The next question is whether post-decisional hearing would amount to sufficient compliance with principles of natural justice. It is well settled that ordinarily pre-decisional hearing is an essential requirement of natural justice, and can only be dispensed with when there is grave urgency for action. Post-decisional hearing is never as effective as pre-decisional hearing, for once a decision has been taken, there is a tendency to uphold the decision that has been taken. Recourse may be taken to post-decisional hearing only in exceptionally emergent cases where pre-decisional hearing cannot be given. For example, when there is requirement for some kind of immediate action.
This Court is of the view that a decision under Section 220(6) has to be taken in compliance with principles of natural justice after giving the petitioner a reasonable opportunity of hearing and a reasoned order is required to be passed.
A perusal of Section 220(6) of the Income Tax reveals that power has been conferred on the assessing officer to treat an assessee as not being in default in respect of the amount in dispute in the appeal, subject to such conditions as he might think fit to impose in the circumstances of the case.

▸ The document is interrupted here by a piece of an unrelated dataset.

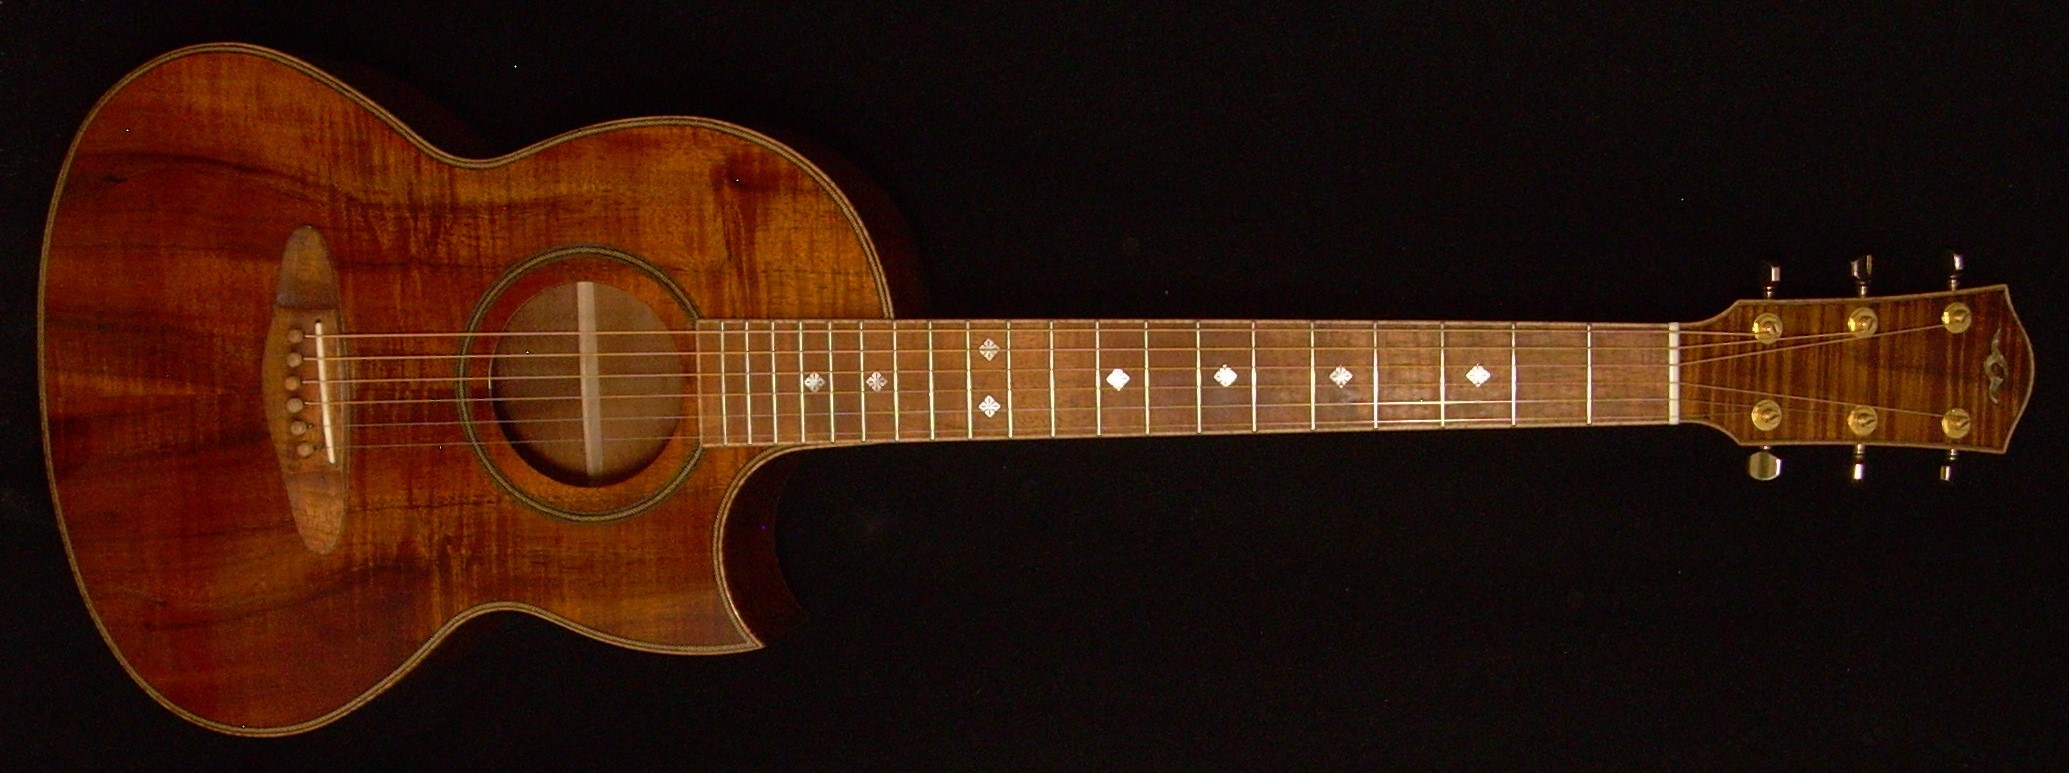 Art Davis Guitars

The prayer of the petitioner requesting the assessing officer to keep collection of the impugned demand in abeyance, is misconceived. The assessing officer does not have the power to stay a demand. The Assessing Officer might only treat an assessee as not being in default in respect of the amount in dispute in appeal, subject to such conditions as he might deem fit and proper. The Assessing Officer cannot stay the impugned demand or keep the impugned demand in abeyance. However, even though the prayers may not have been properly worded, it was open to the assessing officer to grant relief in accordance with the aforesaid section.
The impugned order, which is in flagrant violation of principles of natural justice, is set aside and quashed. The application of the petitioner under Section 220(6) of the Income Tax Act, 1961 shall be decided afresh upon giving the petitioner an opportunity of hearing and a reasoned decision shall be taken. The decision shall be communicated to the petitioner within a week thereof. Needless to mention that in the event the application is allowed, it will be open to the assessing officer to impose such conditions, as he might deem fit and proper. The Assessing Officer shall decide the application expeditiously. Pending disposal of the application, the petitioners are restrained from transferring, disposing of, alienating or encumbering any of their assets.
Affidavits not having been called for, the allegations in the writ petition, shall be deemed not to have been admitted.
The writ petition is disposed of.
Urgent certified photostat copy of this order, if applied for, be supplied to the parties subject to compliance of all requisite formalities.